A sport both urologists and proctologists can love.
While working on the X-Blog (below) about golf’s problems finding new players, I got to thinking about why the ranks of golfers haven’t swelled over the last decade. As I’ve often noted, we had the world’s most exciting athlete (or if not the most exciting, one of them), and until the last year or so, the economy was booming.
So what went wrong? I think I have the answer.
Poker.
Okay, not just poker, but games like it, starting with videogames. Games that keep people, many of them young adults, indoors and try to give the misperception that they are sports. (A poker player is on the cover of this week’s ESPN The Magazine. Cancel my subscription.)
Why is this a problem? Because golf used to attract the kind of person who now thrives on poker and Playstation: a little geeky, someone who doesn’t mind playing by him or herself, and who likes using his head, not just his body. (And, let’s face it, may have a body not ideally suited to running, throwing, and hitting.) Plus, there’s the allure of winning a fast buck.
However, I recently heard some encouraging news regarding golf’s growth, and it comes from exactly the kind of brainy (and not necessarily brawny) types we like.

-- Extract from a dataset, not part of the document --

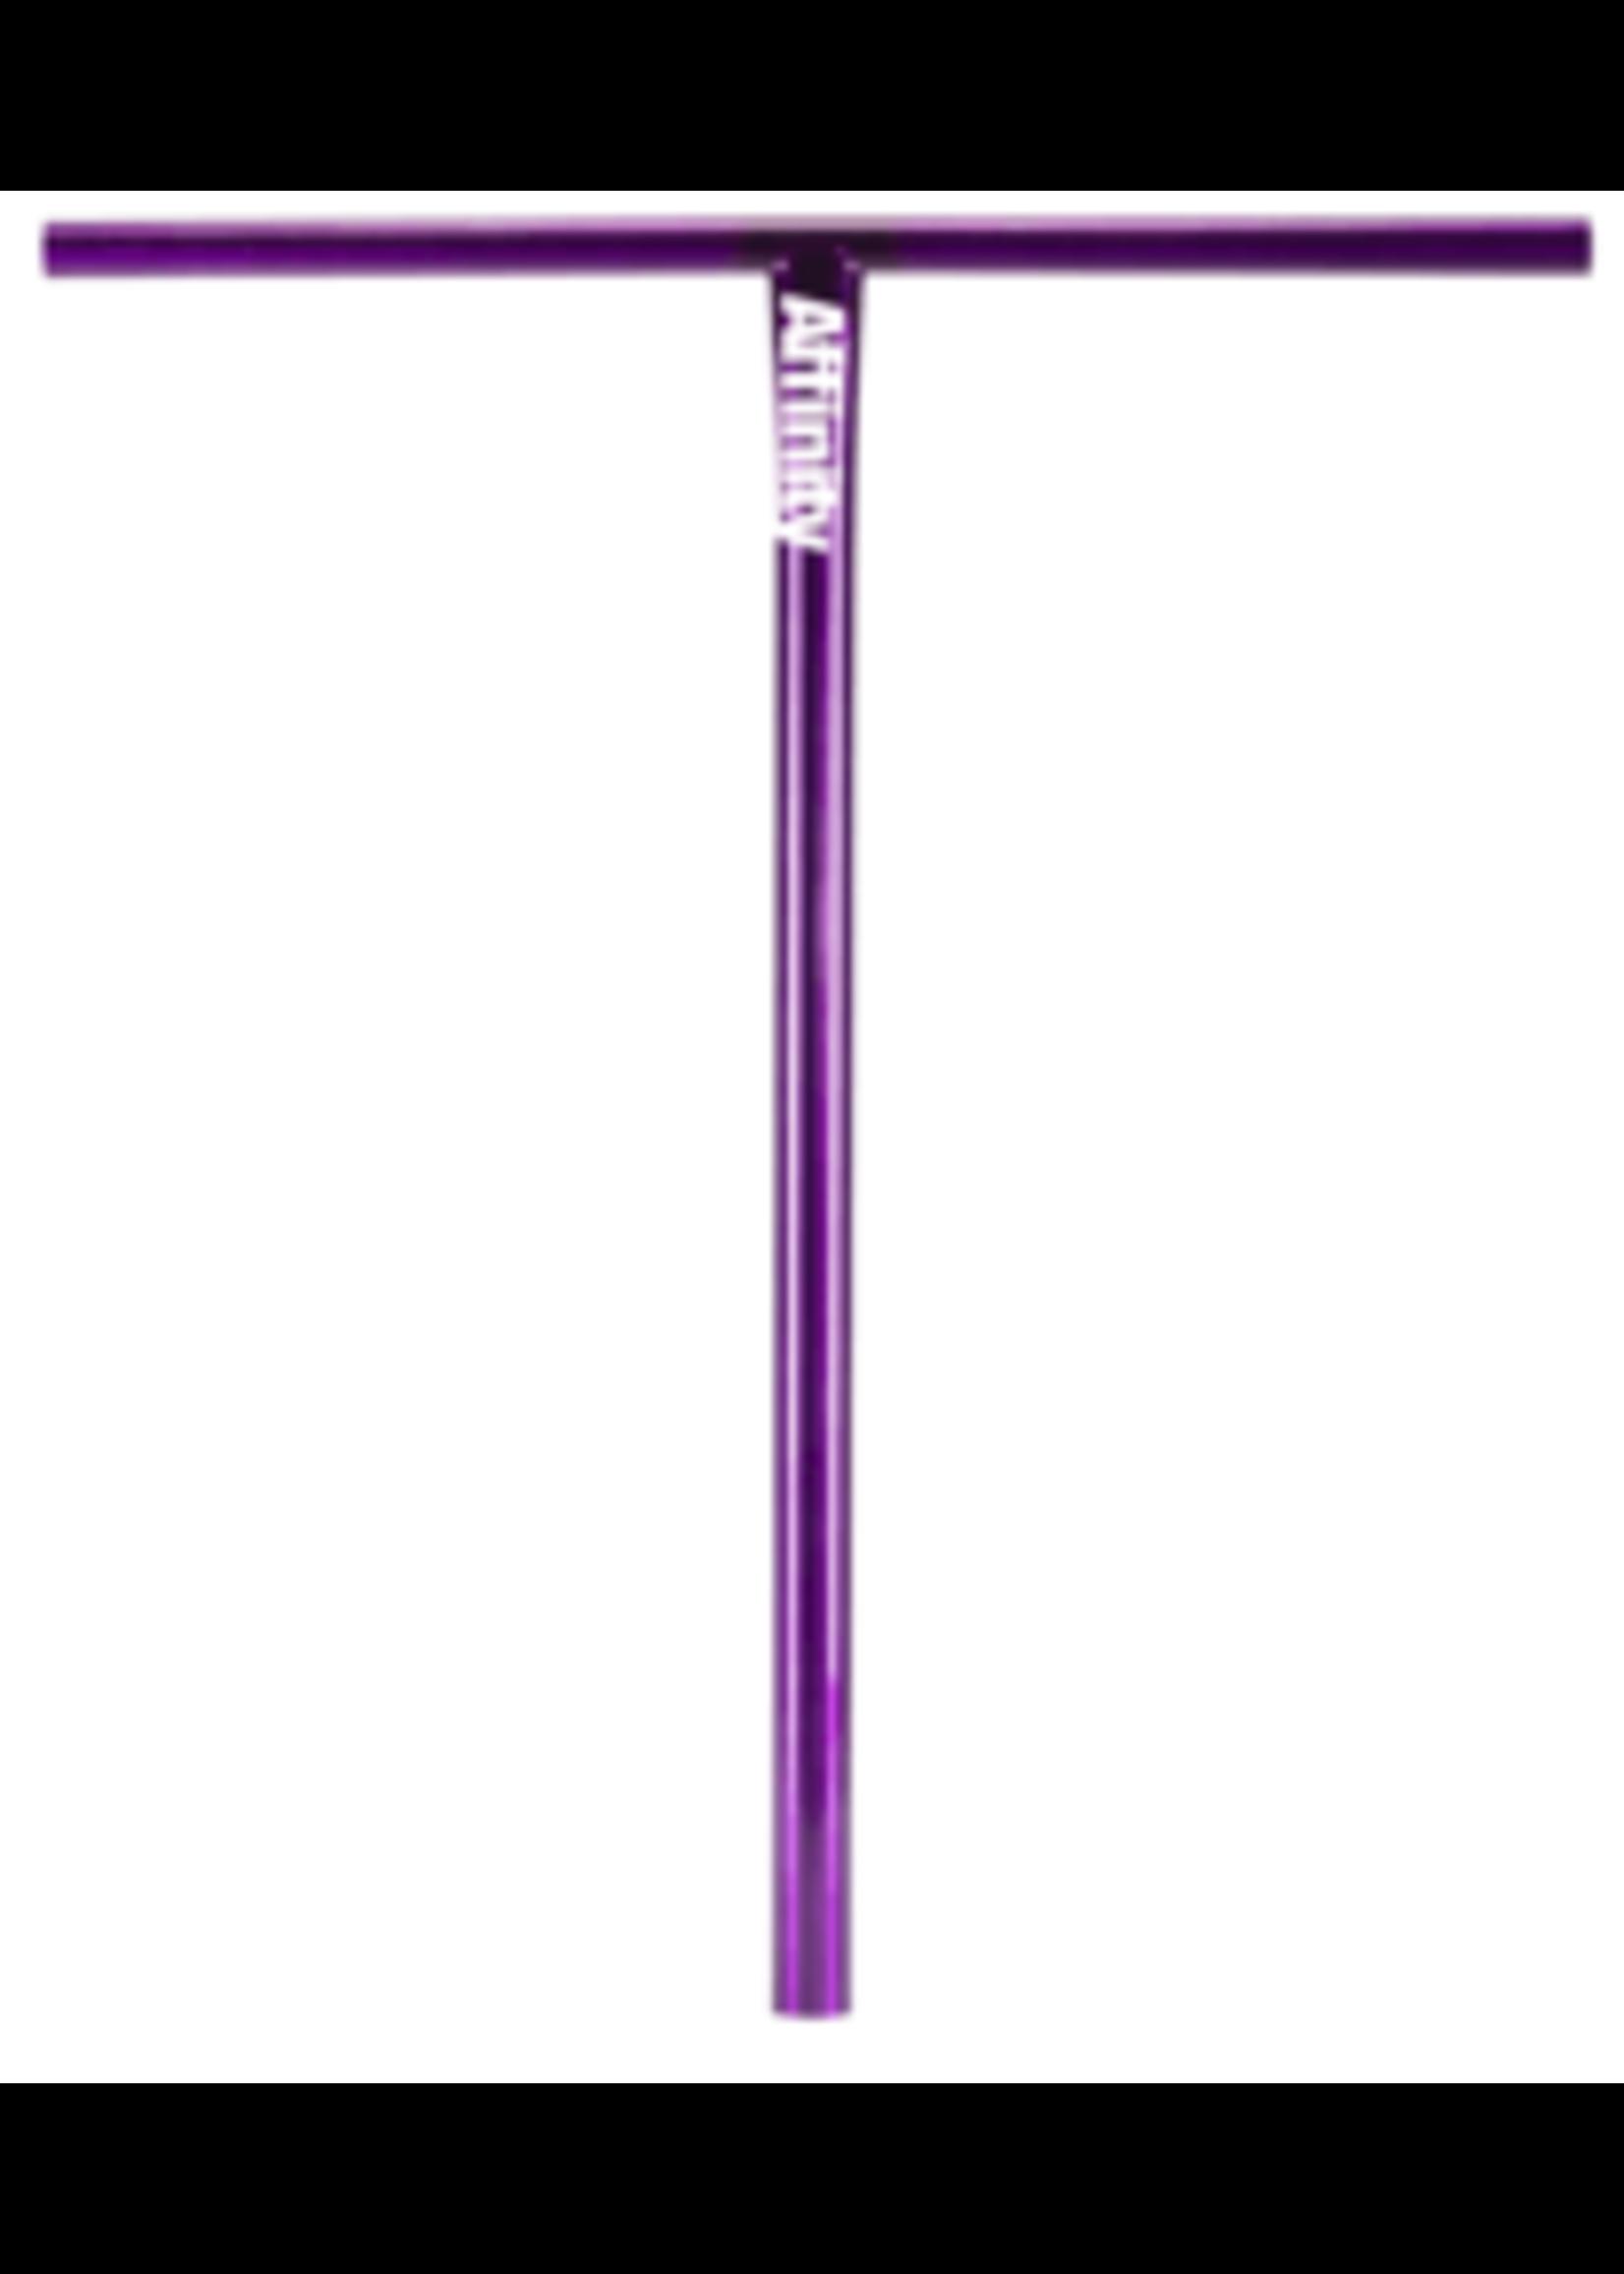 Affinity Affinity - Classic XL Tbar - Oversized

Good friends have a son, 25-ish, in med school. When I saw him the other day he reported that many of his fellow fledgling physicians spend hours playing the latest Tiger Woods videogame while talking about taking up golf for real when they are done with their training and have more time and money.
So maybe the PGA of America should start working with America’s med schools offering a different sort of internship. Partner with teaching hospitals and give residents reduced rates on lessons and green fees. Trade tee times for appointments. Putters for procedures. Cleeks for catheters. First T-Cell program, anyone?
Then business schools, engineering schools, law schools… The future Judge Smailses of the world have to come from somewhere.
Exaggerating to prove a point? Perhaps. But maybe golf should be looking to a different pool of potential players, ones who are a little older and likely will have the wherewithal and the motivation to give the game a try in a few years.
Anyone have other suggestions on how to get to this group? Or other groups we should be reaching out to? (Please don’t suggest retirees: The way things are going, no one will ever be able to retire again.)